▶ Prompt: Output the listing exactly as written, apart from its pictures.

▶ Dataset content:
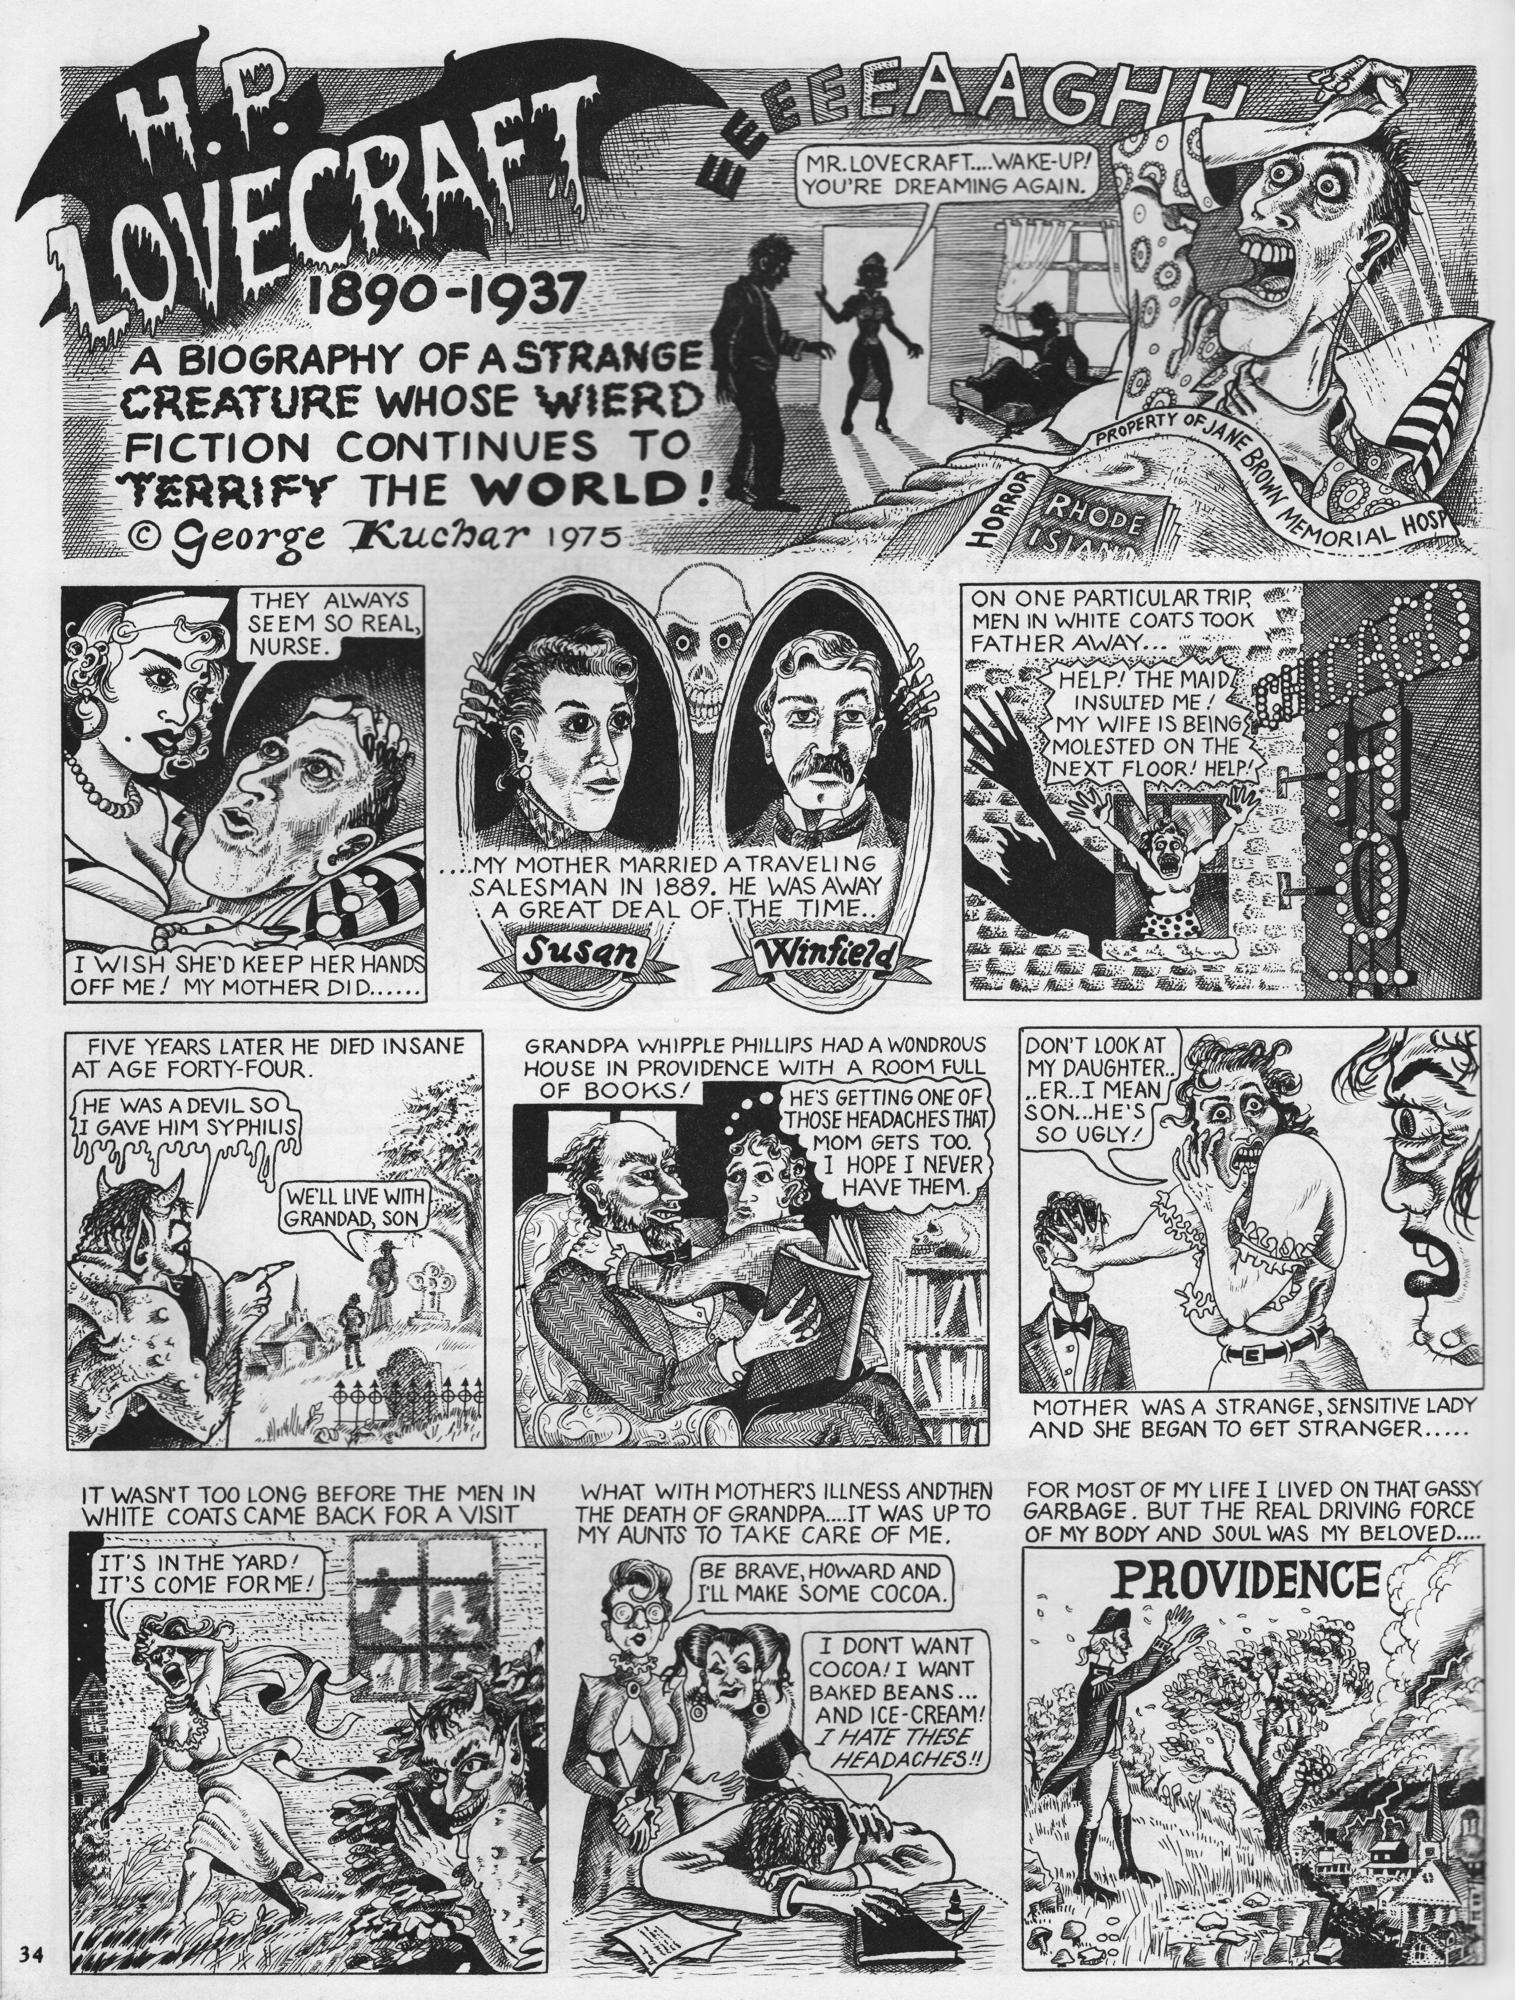 George Kuchar,  H.P. Lovecraft , 1975, ink on paper, Arcade, The Comics Revue No. 3, © Kuchar Brothers Trust.
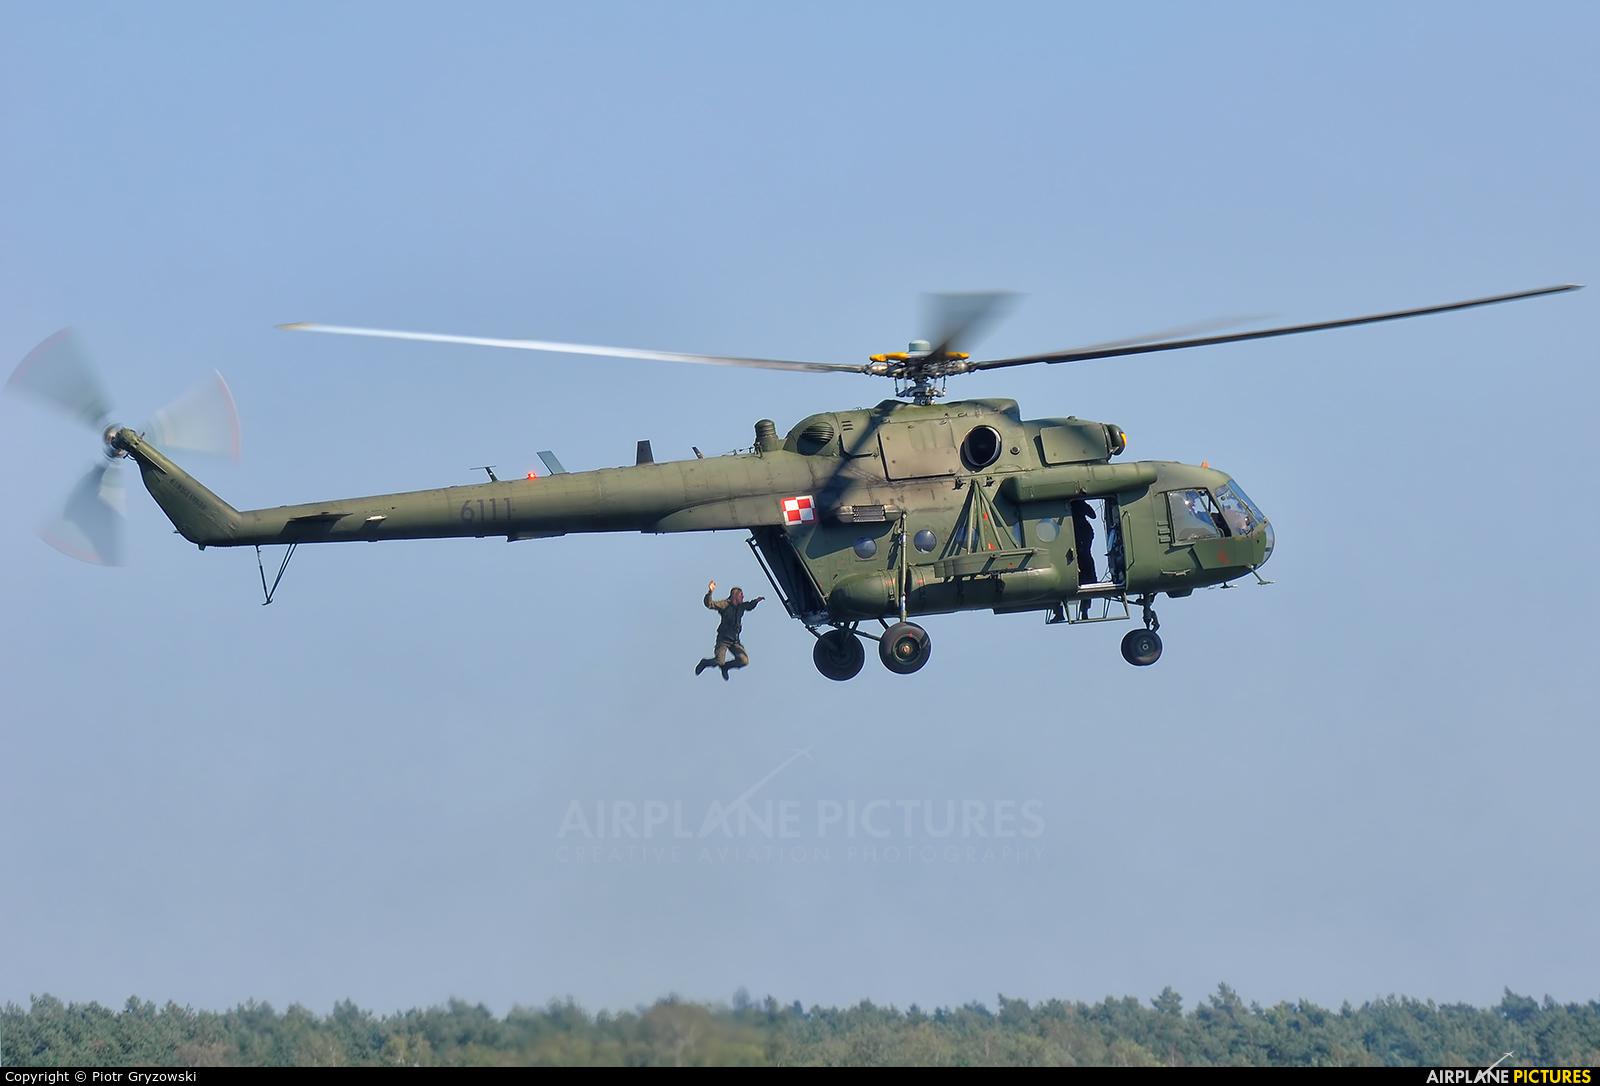 Poland - Army 6111 aircraft at Off Airport - Poland
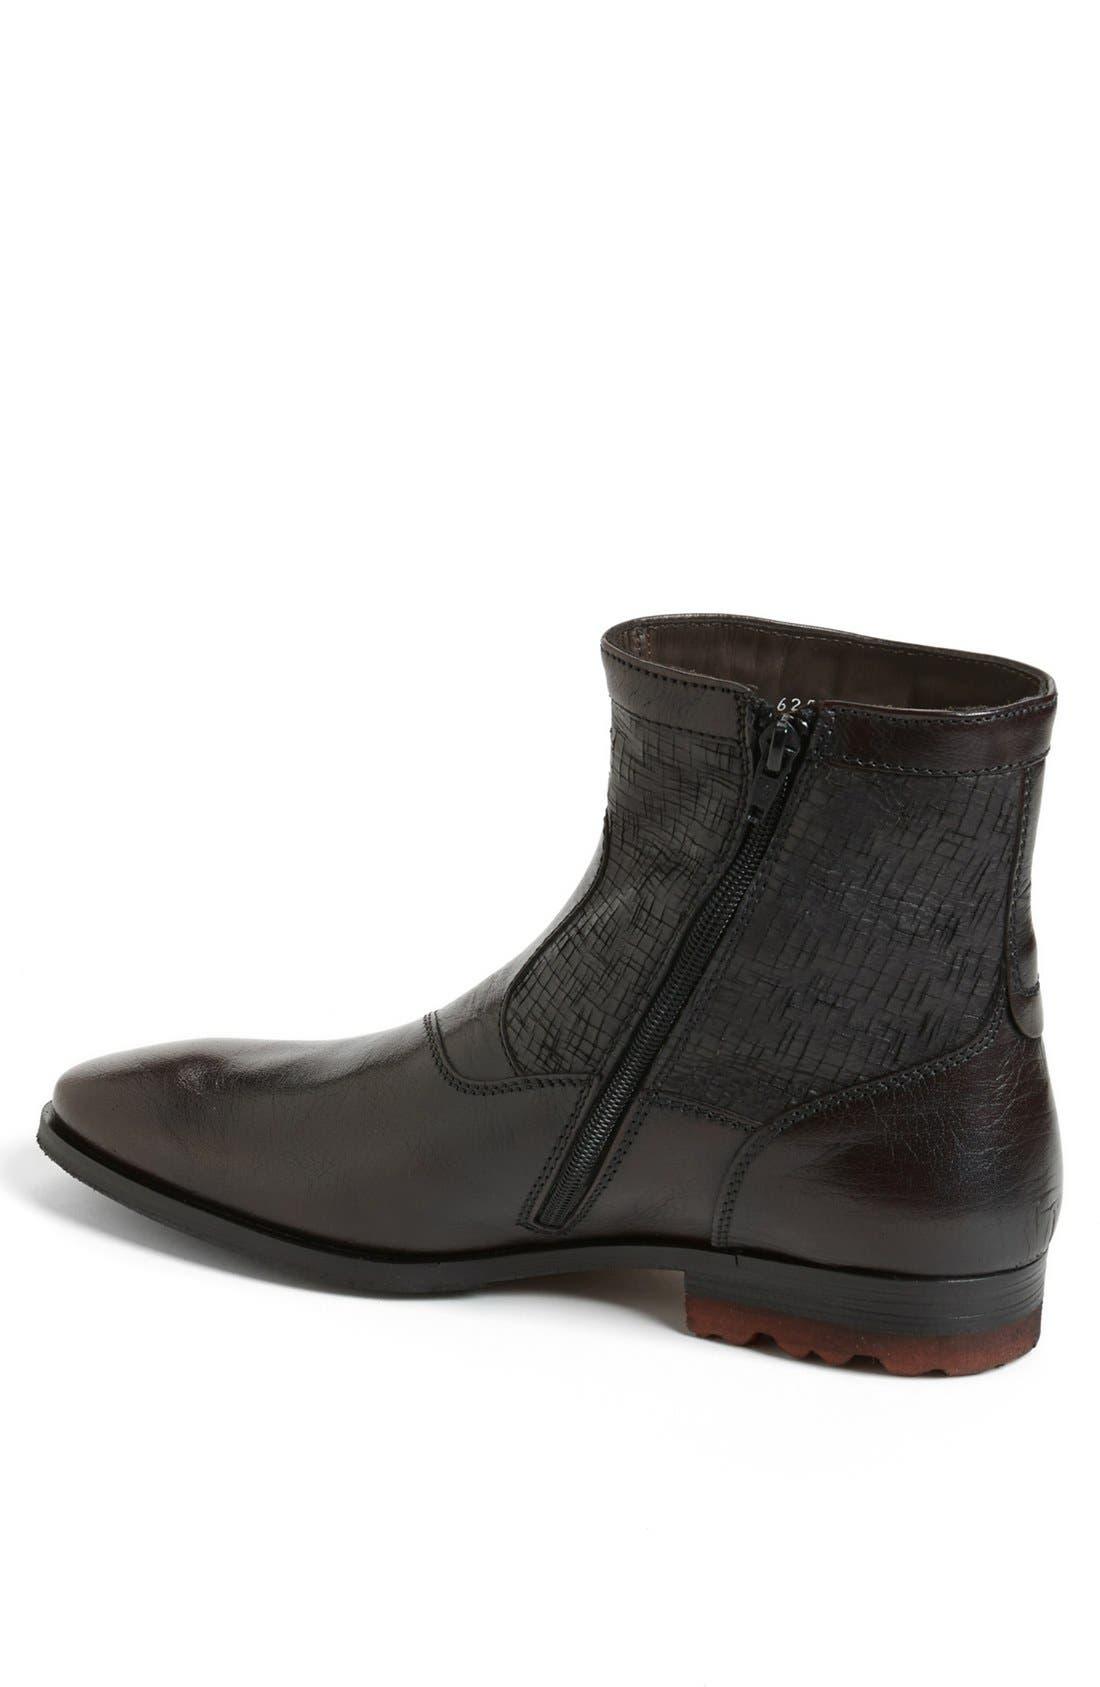 Alternate Image 2  - Bacco Bucci 'Devito' Zip boot (Men) (Online Only)
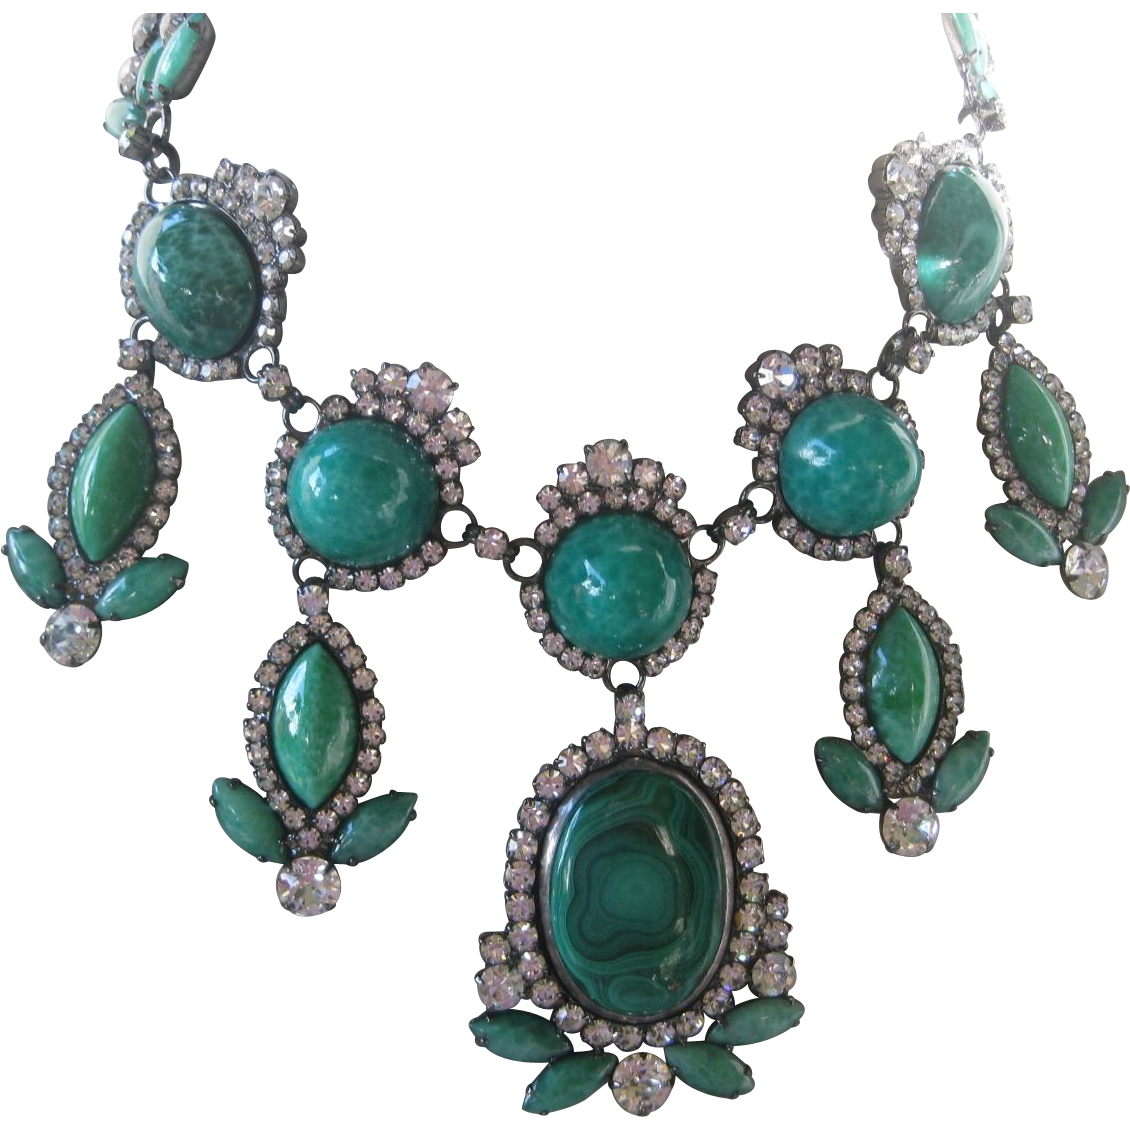 N.Y. Designer Glass Marbled Green Stones & Rhinestones Huge One Of A Kind Bib Necklace

▶ Your response:
 George Kuchar,  H.P. Lovecraft , 1975, ink on paper, Arcade, The Comics Revue No. 3, © Kuchar Brothers Trust.
 Poland - Army 6111 aircraft at Off Airport - Poland
 Alternate Image 2  - Bacco Bucci 'Devito' Zip boot (Men) (Online Only)
 N.Y. Designer Glass Marbled Green Stones & Rhinestones Huge One Of A Kind Bib Necklace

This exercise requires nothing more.